The combination of a decline in the intellectual rigor involved in research design and data analysis with journals hungry for content is that authors submit weaker work, reviewers are less socialized to demand rigorous work, and journals are more likely to accept weaker work – which leads to a reproducibility crisis. Although it primarily at this point affects clinical and social science research, it has spun over into the physical sciences and engineering. When I arrived at Purdue in 2005, for example, a professor in the Nuclear Engineering department was embroiled in a scandal over non-reproducible results for a fusion study and allegations of research misconduct. I published a paper in Emerging Infectious Diseases in 2005 pointing out that the finding claims in a study of outcomes of E. Coli infections were unreliable because the authors had failed to address obvious problems of endogenous predictor variables in their regression design – and the authors completely missed the point in their response, which focused on biological issues irrelevant to the statistical analysis.
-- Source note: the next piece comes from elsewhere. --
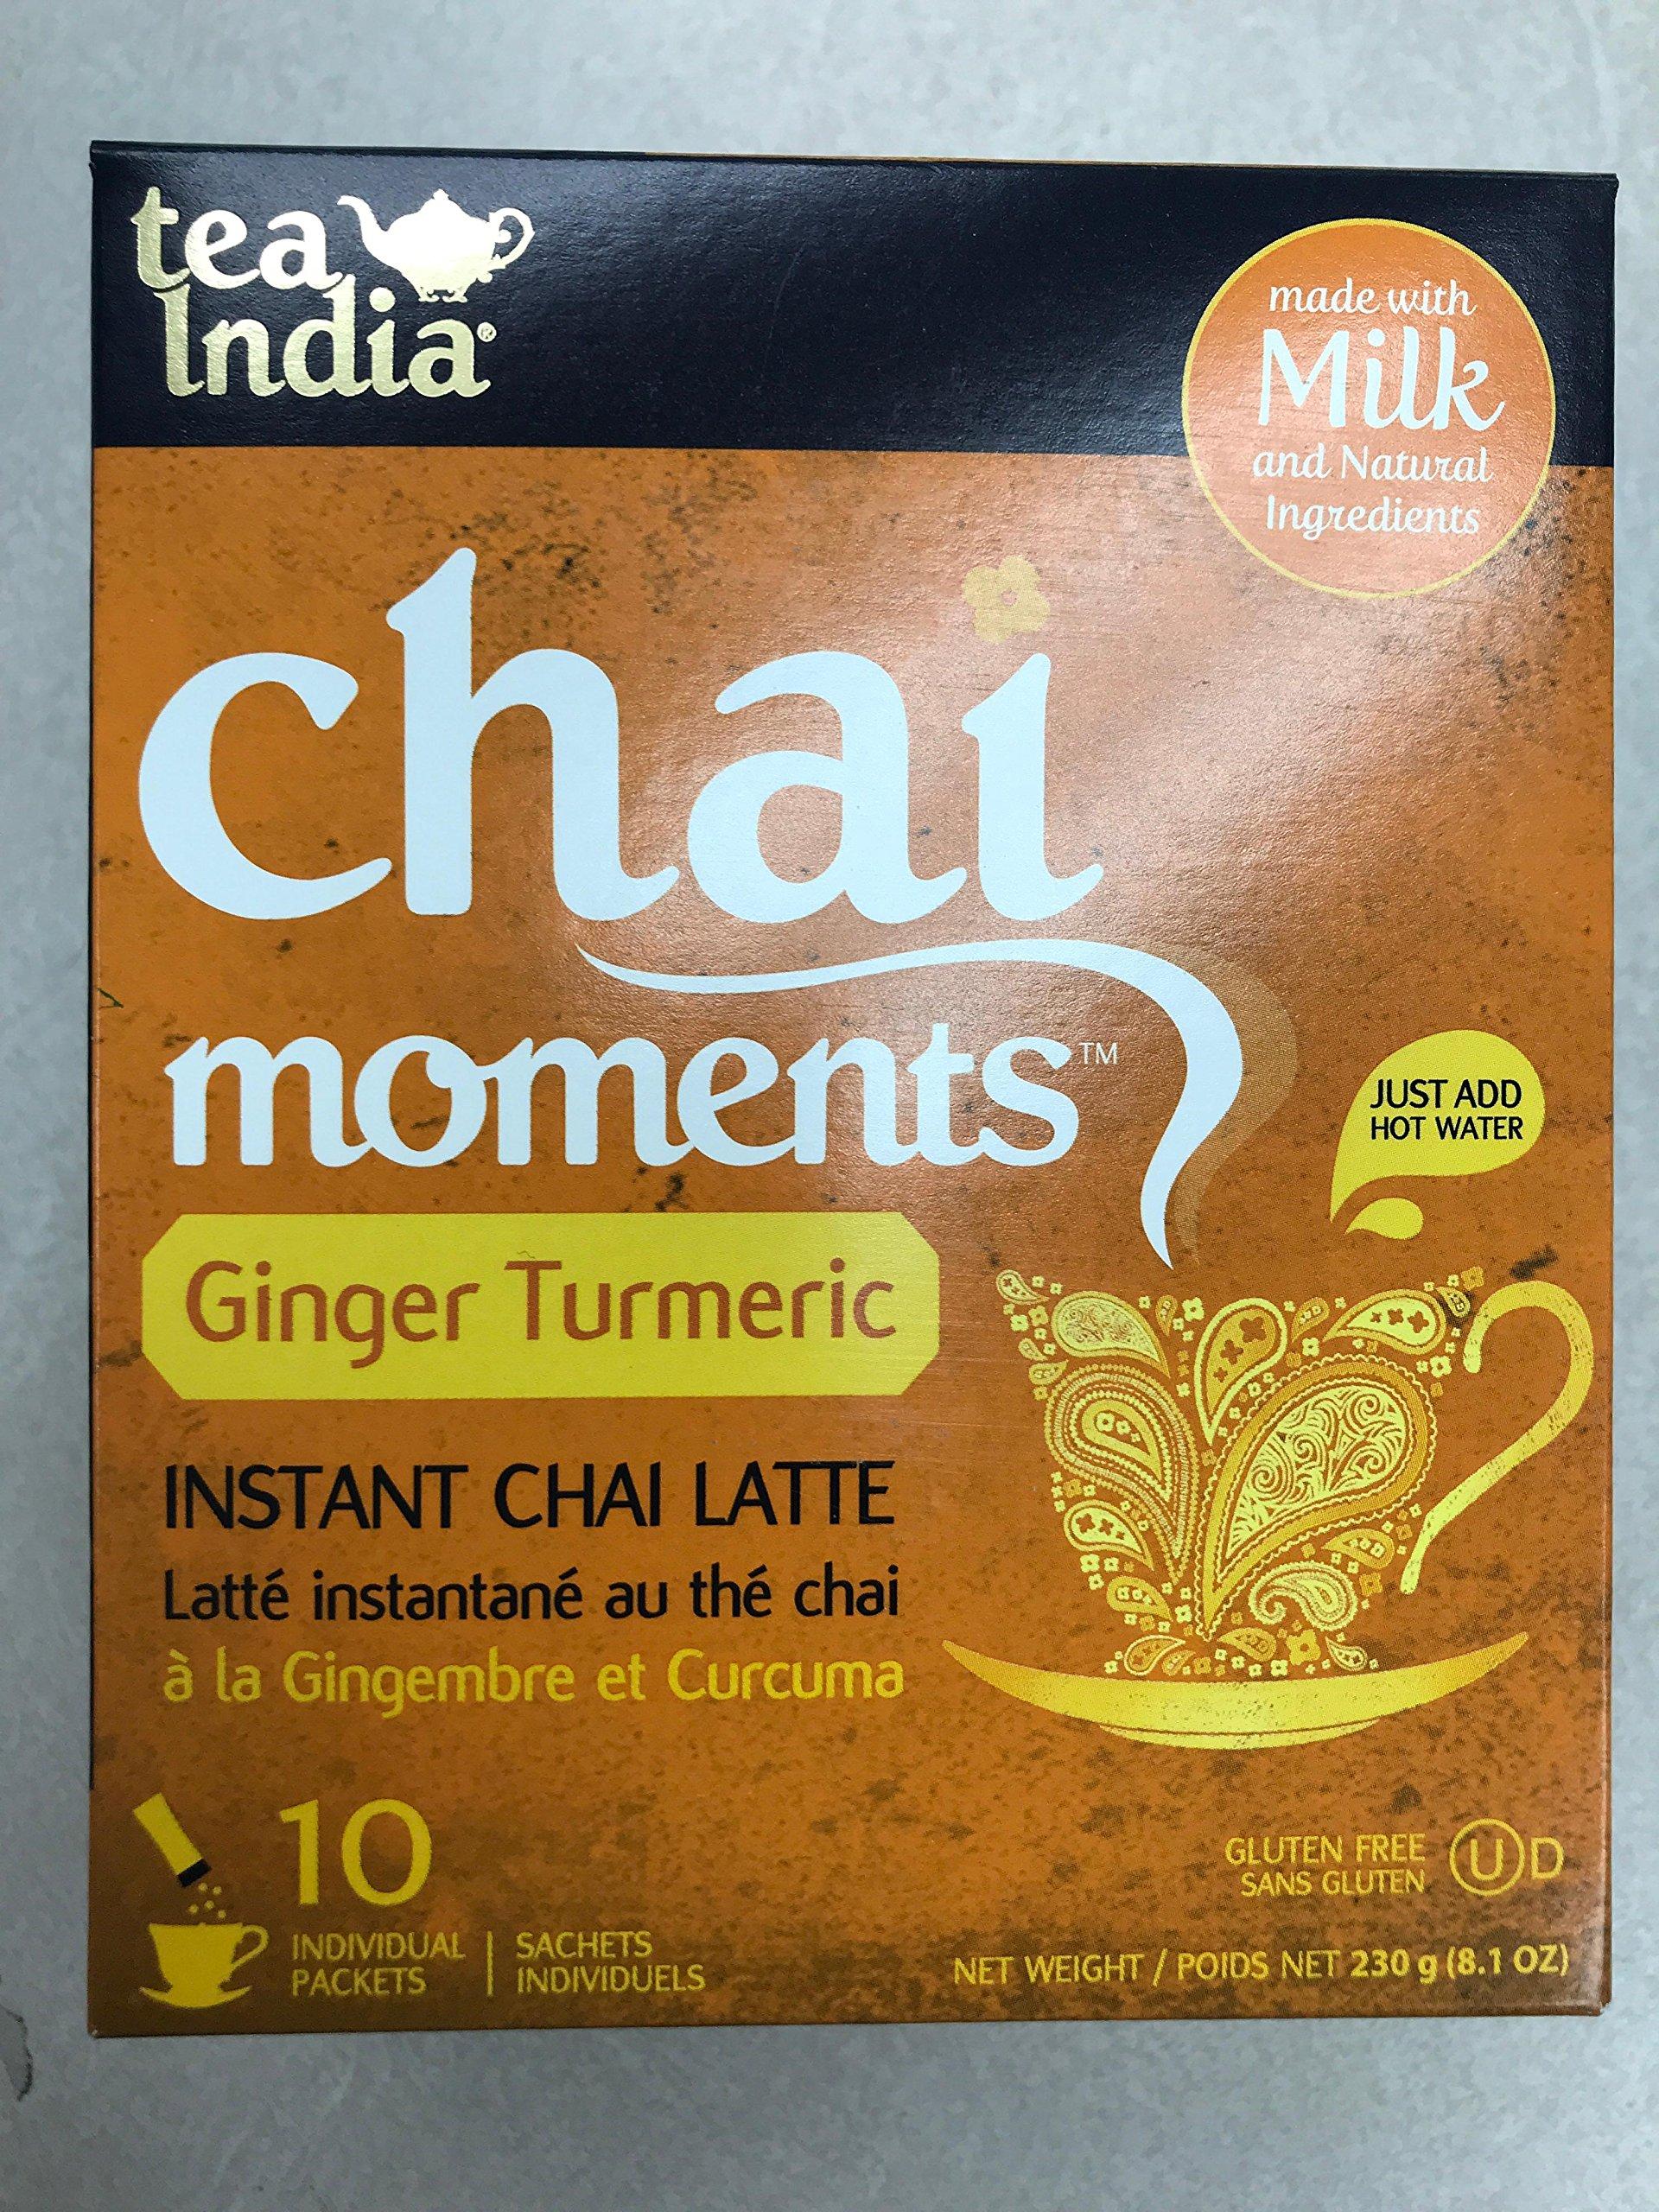 Tea India Chai Moments Instant Chai Latte Ginger Turmeric 10 Sachets (230 g / 8.1 oz)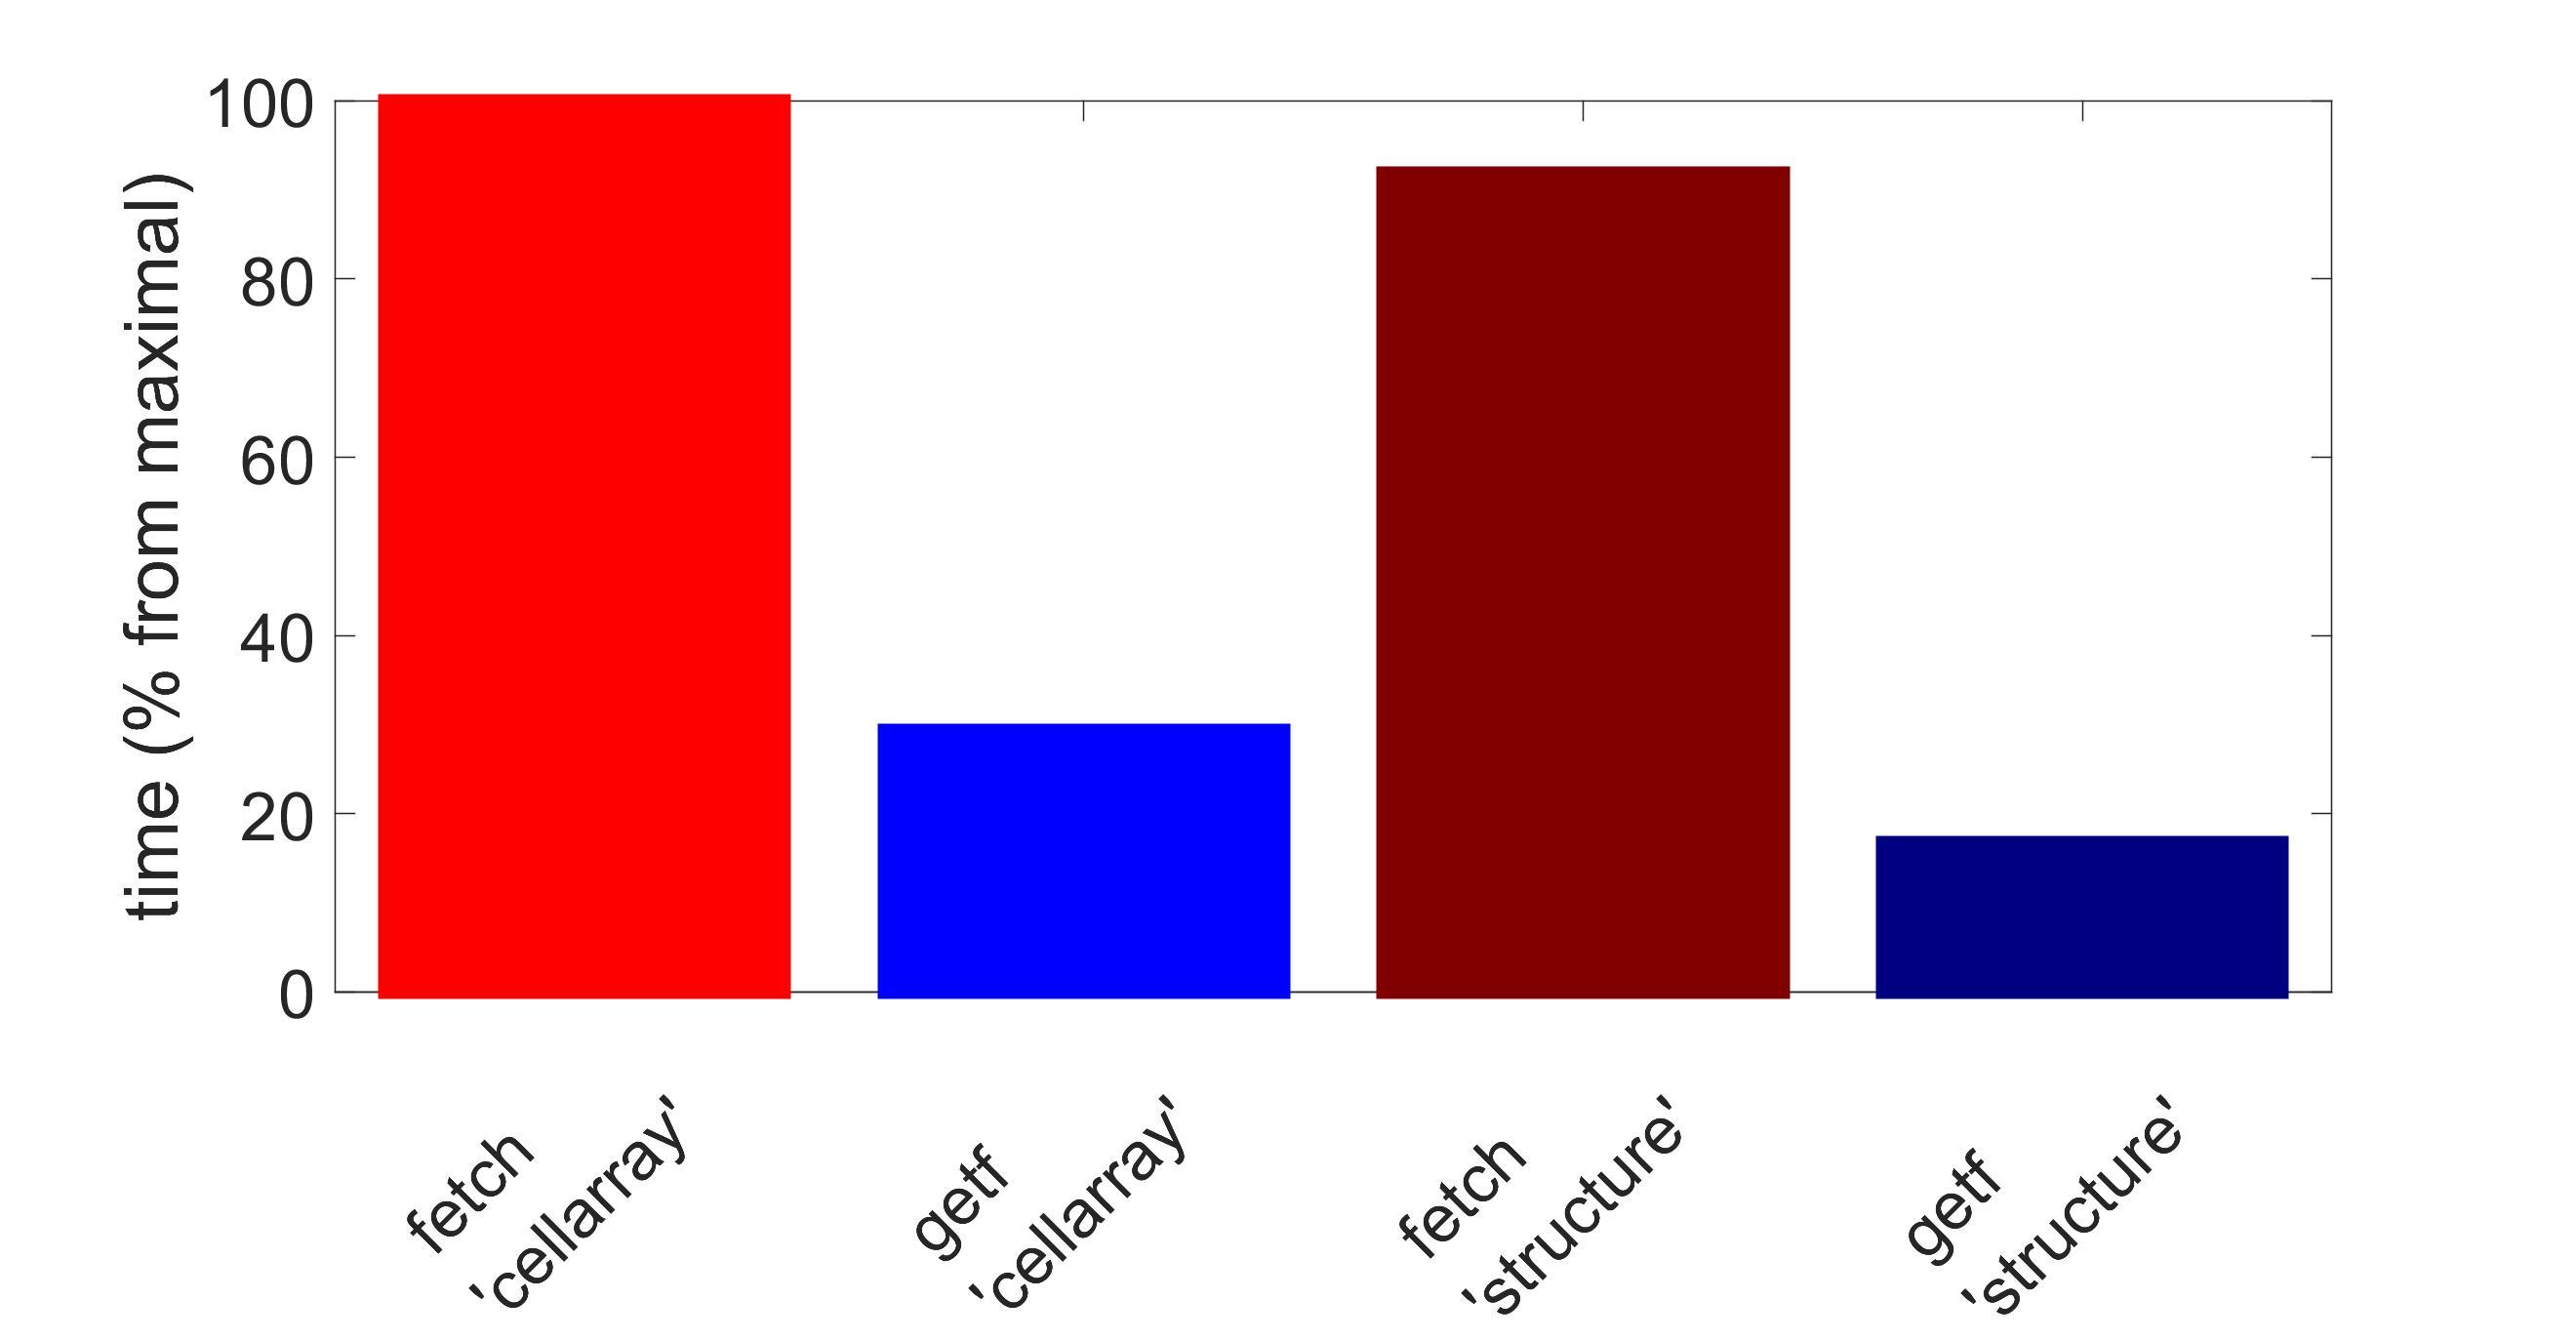 Performance comparison of PostgreSQL connectors in Matlab, Part II

That isn’t to say that rigorous studies can’t produce different results. Different designs and samples can lead to different results, and the acceptance or rejection of a theory depends on the accumulation of a body of evidence providing confirmation more than any single study. Often, different results from different studies create questions that enrich our understanding of phenomena, such as the questioning of why black patients did not respond as well to ACE inhibitors and beta blockers as the effect sizes in the original RCTs predicted led to the realization of genetic differences in the phamacokinetics of the drugs, differences lost in the original clinical trials due to the well-known low levels of participation by black patients in such trials. THAT discovery led to reformulation of dosages for the subpopulation and improved cardiac outcomes.
However, for that to occur, published research STILL needs to be rigorous enough that the readers can have confidence that, in that study, the results were real, and that differences between study findings are due to differences in study design. THAT won’t happen unless academic researchers adopt rigorous standards, socialize their graduate students in them, and during peer review adopt a skeptical and demanding attitude towards the research that they review.